– Иди к Лапшину, винись.
– А дальше?
– Поедешь в лагеря – копать.
– Это медведь поедет копать, – сказал Жмакин, – я не поеду. На мой век дураков хватит, будьте покойны.
– Это чтобы по карманам лазить? Хватит. Да какая радость-то? Все равно лагеря.
– Убегу.
– Куда?
– Сюда.
– Опять посадят.
– И опять убегу.
– Дальше Советского Союза не убежишь, вернут в лагеря и будешь работать или сдохнешь, дурак ты!
– Не буду работать.
– Почему?
– А почему ты не работал?
Балага усмехнулся:
– Зачем же мне было работать, Лешенька?
– Может, ты в комсомол вступил? – спросил Жмакин. – Или в юные пионеры? Или в октябрята? Что-то я тебя, старичок, никак не разберу…
– А чего меня разбирать, когда я шутю! – дробно засмеялся Балага. – Я, Леша, старичок веселый, болтунишка, мне с человеком посмеяться – лучше не надо удовольствия. Дай-ка, сынок, денежку мне, я и пойду…
– Сколько ж тебе дать?
– Сколько не жалко.
– Мне ничего не жалко, – вглядываясь в опухшее лицо Балаги, сказал Алексей серьезно. – Мне и тебя не жалко, а потому денег я тебе не дам. Пожрал и беги, старая холера, хватит, заработал с меня…
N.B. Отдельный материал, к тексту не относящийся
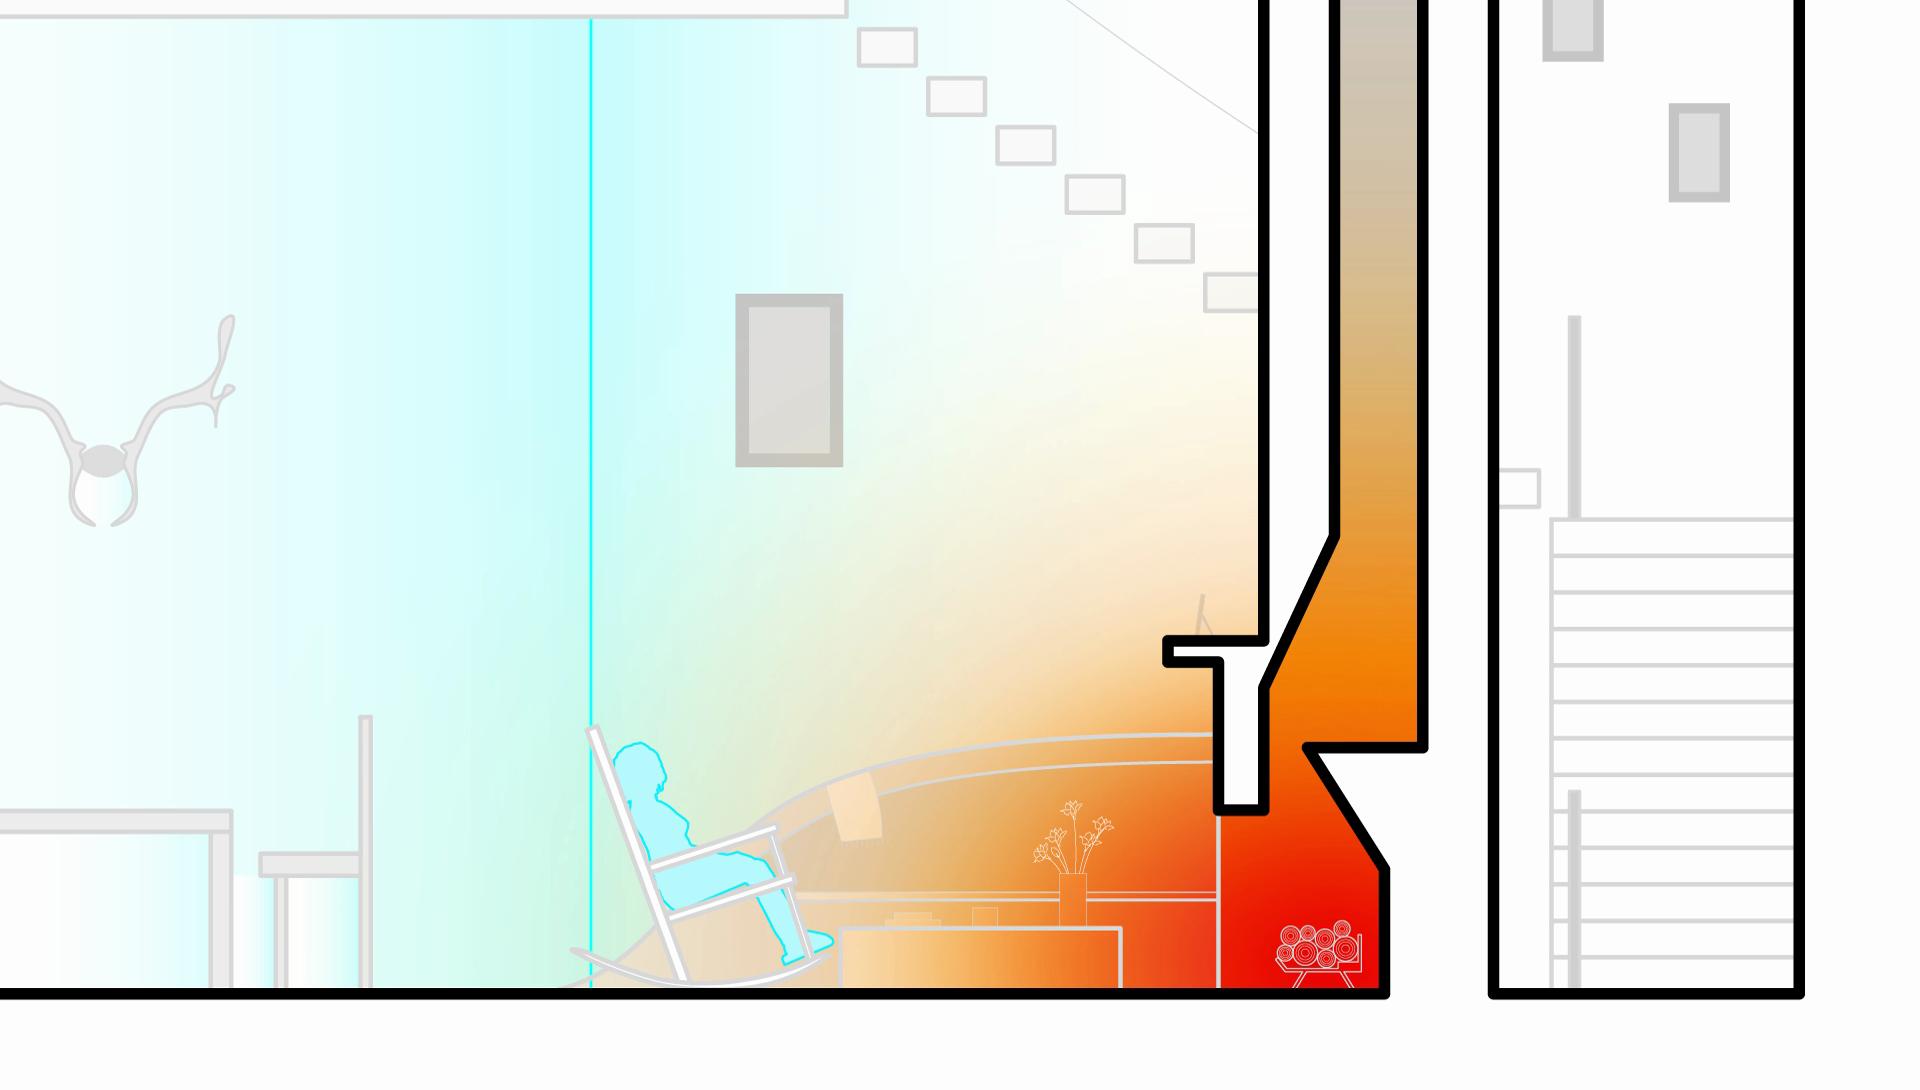 Vignette of snow dwelling

– Чего же я заработал, – захныкал Балага, – супу да биточки всего заработка?
Жмакин, прищурившись, глядел на Балагу.
– А ты цыпленочек, я примечаю, – сказал Балага. – Ох, сынок, допрыгаешься с твоим карактером…
– Иди! «Карактер»!
Балага пошел, прихрамывая, оглядываясь. Алексей выпил еще стопку и обогнал Балагу на лестнице: чтобы чего неожиданного не приключилось, выходить лучше было первым. И что его тянет все время черту в зубы? Впрочем, наплевать! Не попался у Нонки, не попадется и здесь! Уж если от самого Лапшина ушел на площади, от дверей розыска, – значит, не скоро его возьмут. Значит, судьба!
Его разбудила Патрикеевна – нужны были деньги на рынок. Иван Михайлович долго ничего не понимал, потом рассердился:
– Поди ты, ей-богу! Откуда у меня деньги перед получкой? Рождение праздновали, коньяки эти, черт бы их подрал…
– И не коньяки, а Василию вы давеча под предлогом его сестры сотню отвалили! – перебила Патрикеевна. – Я тоже, между прочим, не слепая.
– Между прочим, это мое дело – кому я деньги одалживаю! – вконец рассвирепел Лапшин.
Патрикеевна постояла, помолчала. Лапшин сопел, глядя в потолок.
– Я на свои куплю, – торжественным голосом произнесла Патрикеевна, – только вы запомните.
Наконец она ушла. Лапшин поднялся, включил чайник и отправился под душ.
– Вставай, Васюта, – сказал он, вернувшись, – пора! Царство небесное проспишь.
И уселся пить чай. Окошкин долго охал, потягивался, даже сказал, что ночью у него «в сердце были острые перебои».